Power before models. That’s the logic behind Anthropic’s decision to lock in 401 megawatts of dedicated critical IT power under a 20-year lease at a former aluminum smelter in Hawesville, Kentucky. According to TeraWulf’s official announcement, Anthropic executed the lease with TeraWulf subsidiary Raylan Data LLC, with the Justified Data campus projected to supply the committed capacity beginning in the second half of 2027. Full capacity is expected by early 2028.
Why it matters
The numbers are large enough to reframe how you think about AI infrastructure timelines. A $19 billion contracted revenue figure over 20 years, with two five-year extension options, isn’t a capacity reservation. It’s a structural bet that Anthropic’s compute requirements will remain at this scale, or grow, for the next two decades. That kind of commitment doesn’t happen when you think model architectures will solve the compute problem; it happens when you’ve decided physical infrastructure is the constraint that won’t go away.

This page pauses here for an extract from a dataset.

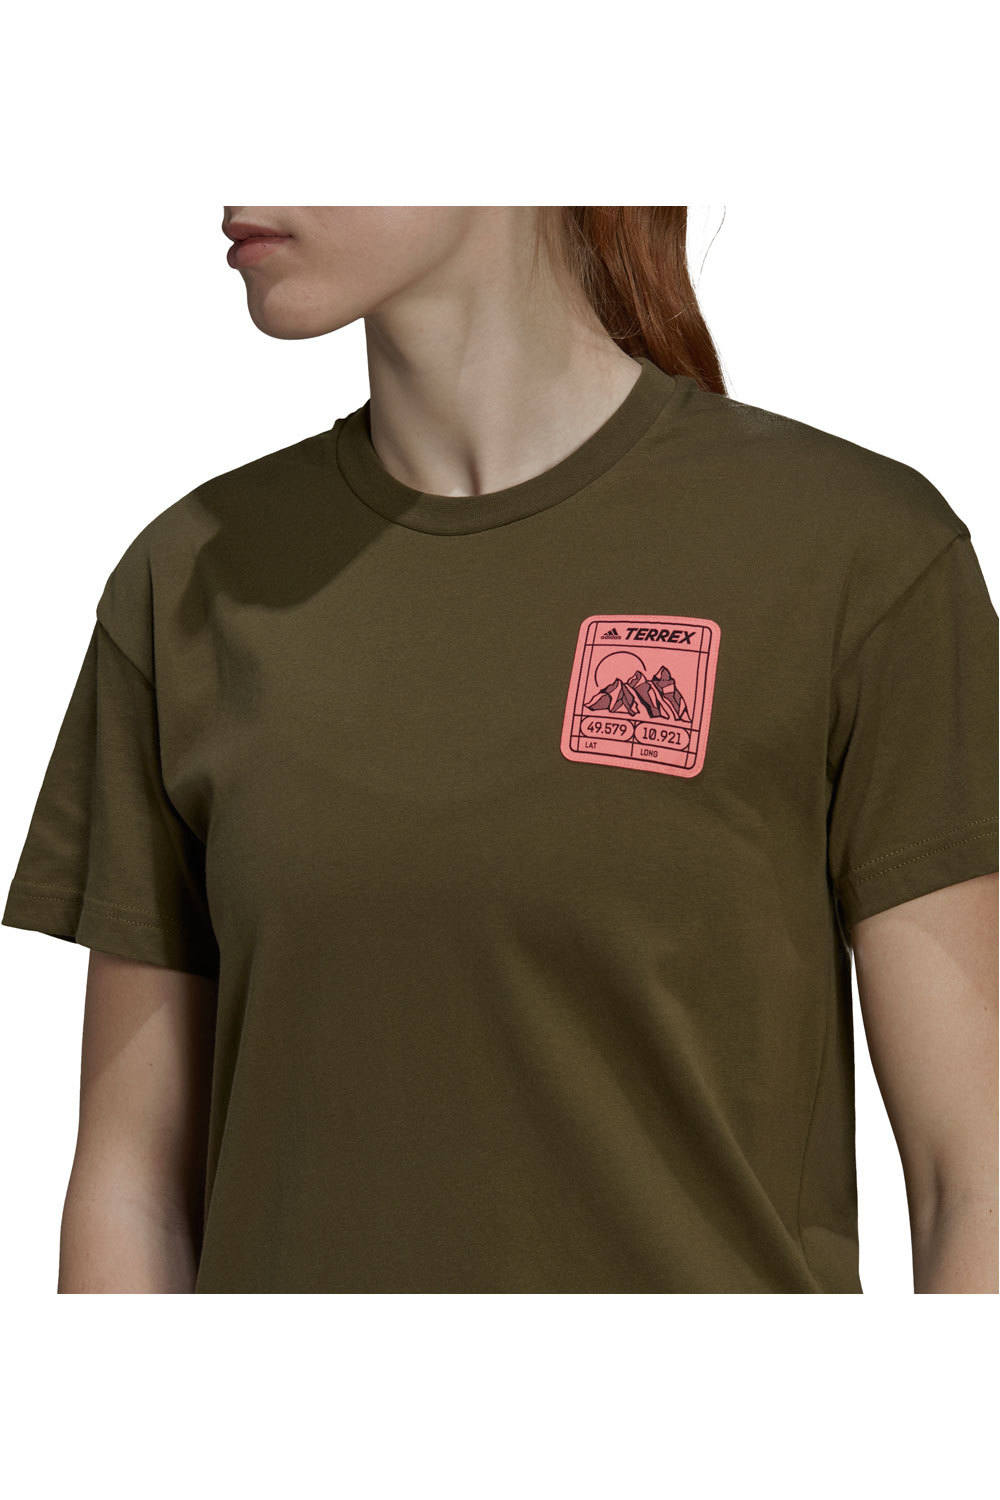 adidas camiseta montaña manga corta mujer Terrex Patch Mountain Graphic vista detalle

The site choice is deliberate. Former aluminum smelters carry existing high-voltage grid access, the kind of transmission infrastructure that takes years and hundreds of millions of dollars to build from scratch. Securing a site that already connects to high-voltage grid capacity is meaningfully different from announcing a greenfield data center on agricultural land.
One contingency deserves attention. Per TeraWulf’s announcement, the lease’s investment-grade credit support depends on Anthropic selecting its hardware vendor, a decision expected within approximately four months. That’s a material condition: the credit structure isn’t finalized until the hardware vendor is named. Investors and counterparties watching TeraWulf’s balance sheet should track that timeline.
Context
Simultaneously with the Anthropic deal, TeraWulf announced the sale of its 50.1% stake in the Abernathy Joint Venture to Fluidstack for $530 million, per the announcement. The structure is a capital recycling play: monetize a partial stake in one asset to fund wholly owned expansion in a larger one. The Anthropic lease is the larger one. This pattern has appeared in other AI infrastructure financing, the hub covered the Digital Realty/Blackstone data center deal and KKR’s infrastructure positions as part of the same broader capital concentration trend.
TeraWulf’s homepage describes the company as controlling 2.3 gigawatts of power capacity across its portfolio. The Justified Data campus’s 401 MW is a significant slice of that portfolio committed to a single tenant under a single long-term agreement.
What to watch
Anthropic’s hardware vendor selection, expected within four months, is the most operationally significant near-term milestone. The named vendor will reveal which chip architecture Anthropic is betting on for its 2027-2028 training and inference infrastructure. That decision has implications well beyond this single campus: it’s a signal about which hardware ecosystem Anthropic has committed to at scale. Watch also for whether TeraWulf announces additional hyperscaler-level tenants; a company that can sign a $19B deal with one frontier lab is now a different kind of infrastructure asset than it was 90 days ago.
What to Watch
TJS synthesis
The AI infrastructure land grab isn’t a metaphor. Anthropic just locked in 401 megawatts under a 20-year agreement because that power wasn’t going to be available when they needed it if they waited. The part nobody mentions is that this deal, combined with the SpaceXAI Neocloud positioning and the broader data center capital flows, confirms that the competitive moat in frontier AI is shifting from who has the best model to who secured power access before the grid ran out of headroom. The hardware vendor selection in the next four months will tell us which chip ecosystem Anthropic is scaling into. That’s the next signal.